From: Costa Rica
Hi all. I've been publishing several DNS servers on the same ISA machine with no problems. They work great. But now I'm trying to publish a DNS on an internal W2K box and .... no success. If try to make a query using nslookup and start network monitor, I found that the query reaches the internal DNS Server but the reply does not reach back to the client. I placed a packet filter receive/send - send/receive - up/down on Local UPD/53 and nothing. If I allow Zone transfers and open TCP/53 the transfer works immediatelly. From time to time the DNS replies but that is 1 in 20 queries. The problem is with UPD. I found an KB article Q312640 that states:
"A DNS server that is configured as a secure NAT or firewall client to ISA Server may stop resolving names. When you restart the DNS service on the internal DNS server or restart the Firewall service on the ISA Server computer, the problem is temporarily resolved. A Network Monitor trace may show that the ISA Server computer is returning "Destination Port Unreachable". This issue could also occur with a UDP program other than DNS."
The ISA Server has SP1. This is a big issue! Any help will be great. Thanks.
From: Recife, PE, Brazil
I have the same problem, but when you query with timeout between 10-20 second (default is 02seconds, just for remember), i can get the answers and this problem continues until i restart the server. After restart, the answer stay fine for a unknown time, reappearing the problem after 01 day/week/month (i just now the problem is occurring, after stops receive mails because the senders cannot resolve mx record)...
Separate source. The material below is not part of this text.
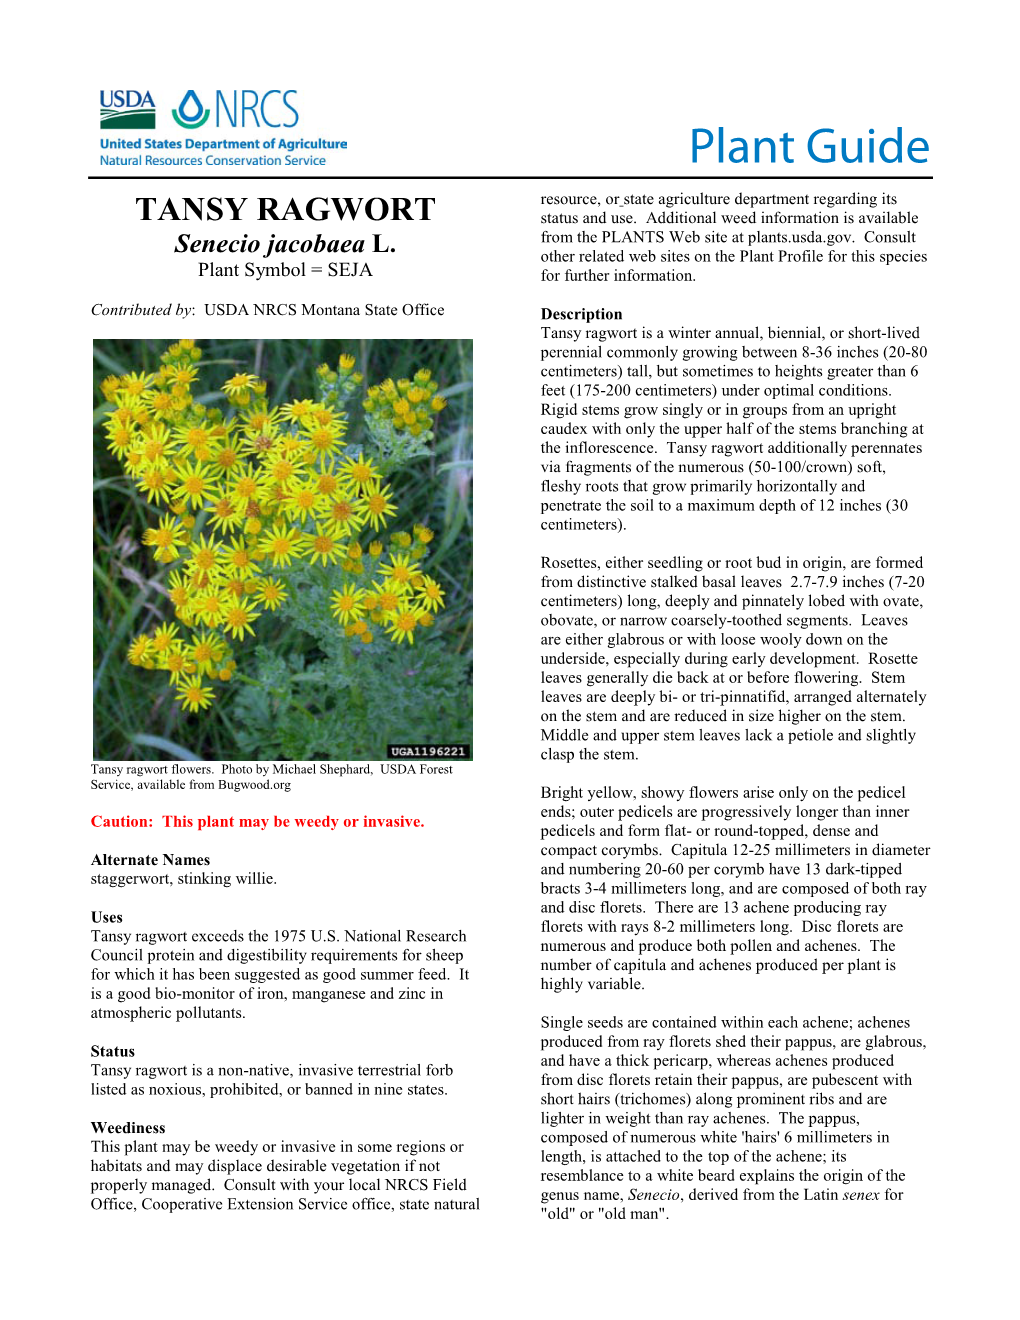 TANSY RAGWORT Status and Use

If you now a solution (I already running W2k SP2 w/ ISA SP1), please answer us... I have this problem in 04 ISA servers on 04 internet different networks and 04 different servers & nics.
PS: My english is under construction.
quote:Originally posted by tshinder: Hi Alejandro,
Are the DNS servers on the ISA Server contending for the port on the external interface of the ISA Server and preventing publishing?
Here's my scenario which works great and I think addresses your issues.
MachineA - Active Directory enabled DNS (PDC) MachineB - DNS Server for Hosted Internet Sites MachineC - ISA Server with caching only DNS
The idea is to provide DNS services for the Active Directory, the Hosted Internet Sites, AND external internet queries for your internal clients, and also to publish the Hosted Internet Sites to external clients.
MachineC runs DNS server in caching only mode (no zone files) with recursion turned ON. ISA on this machine uses standard Server Publishing rules to publish the DNS server on MachineB for external clients.
MachineB contains the zone files ONLY for the Hosted Sites and has recursion DISABLED. It also has MachineC listed as its default gateway.
The DNS server on MachineA (which has all the Active Directory entries) is configured to use Forwarders without recursion. The first forwarder is to MachineB, the second is to MachineC. MachineA itself has recursion enabled (its only off for the Forwarders).
The client machine has only one DNS entry pointing to MachineA. MachineA tries to resolve the request against the Active Directory. Failing that it goes to the forwarders trying first to resolve against the locally hosted internet sites and then to the ISA server which handles external internet name resolution.
External clients get name resolution directly thru the ISA Server Publishing rules. Since MachineC is listed as the default gateway, query requests know how to find their way back to the ISA box.